Dynamically add radio buttons to forms?

Good afternoon all

I’m trying to implement a form that dynamically inserts radio buttons
into a form. The user selects options from a drop-down menu. I use
observe_field to watch for a change and call back to render the
appropriate partial tha contains the radio options. All works nicely
but I’m tripped up on one thing:

When rendering a form using form_for how do I link those radio buttons
to the form? In the partial I have:

 <%= form.radio_button( :product_id, thumbnail.id, :checked =>

is_checked ) %>

but obviously since the HTML is being rendered via the partial after
the form has been created there’s no form object to use to build the
radio_button.

My questions: is there a way to pass the form object? Am I doing this
completely wrong?

Many thanks
Chris

Hi Chris,

Chris_Cummer wrote:

I’m trying to implement a form that dynamically
inserts radio buttons into a form.

but obviously since the HTML is being rendered via
the partial after the form has been created there’s no
form object to use to build the radio_button.

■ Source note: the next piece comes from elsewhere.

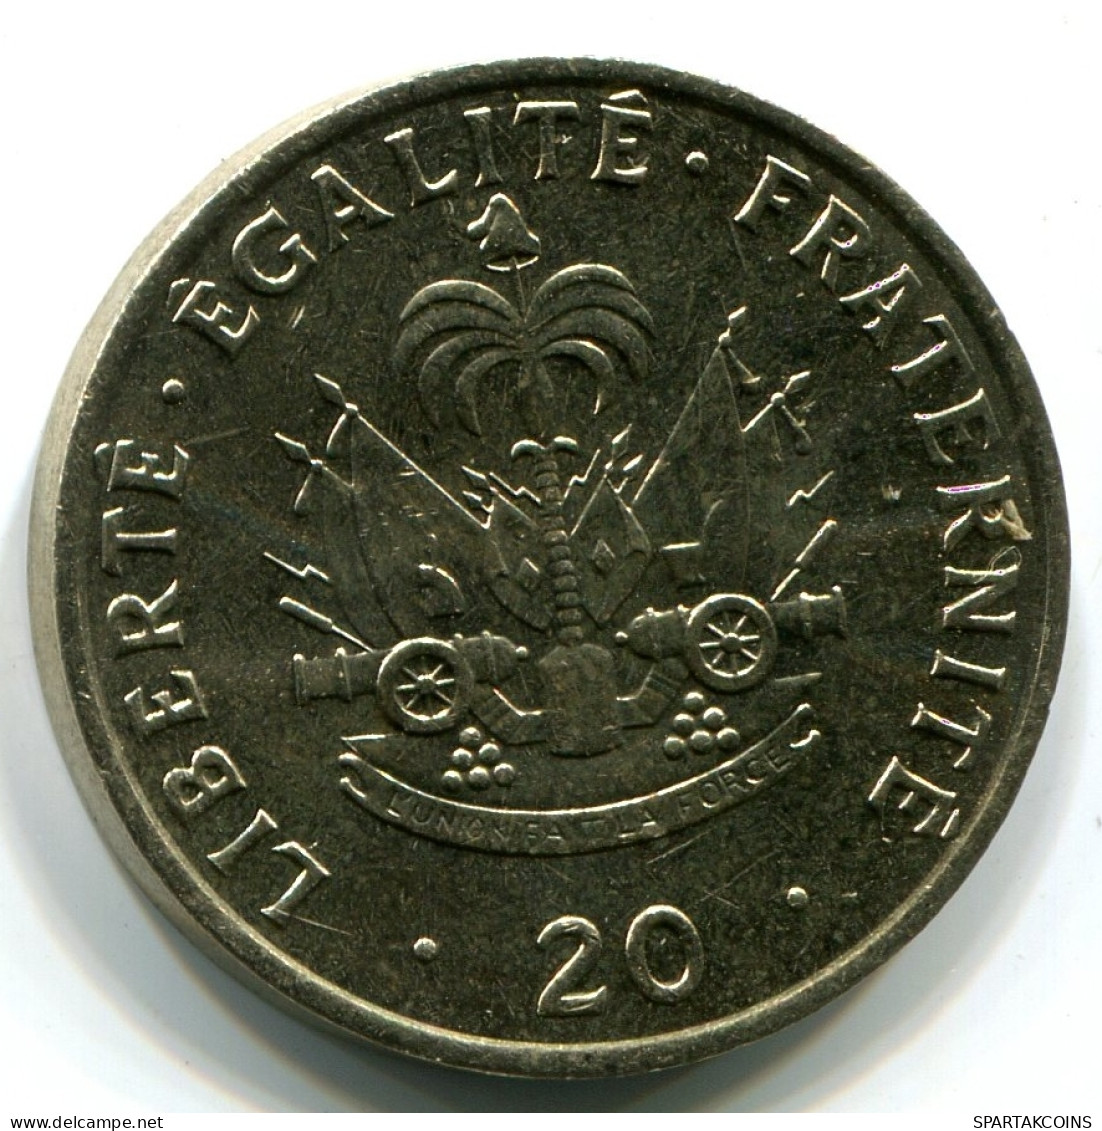 20 CENTIMES 1991 HAITI UNC Coin #W11005.U - Haití

My questions: is there a way to pass the form object?
Am I doing this completely wrong?

No, and yes. :wink: form_for is just a convenience for form building. It
has
nothing to do with how the browser constructs the params hash.

“Also worth noting is that the form_for yields a form_builder object, in
this example as f, which emulates the API for the stand-alone FormHelper
methods, but without the object name. So instead of text_field :person,
:name, you get away with f.text_field :name”

What happens when the visitor clicks the submit button is that the
browser
looks for valid elements between the form’s start and end tag and adds
key /
value pairs to the hash. The documentation (api.rubyonrails.org) says
that
about form_for, albeit in a round-about way.

Short answer… don’t use form_for syntax in your partial. Just use
straight radio_button syntax specifying the params key you want the
value to
come back in.

hth,
Bill

Ah! This makes sense. I had it in my mind that the other way was
depricated and that form_for was the preferred method but of course
there can be no ‘form’ object after the form is created. Manny thanks
for pointing out the path of least resistance Bill.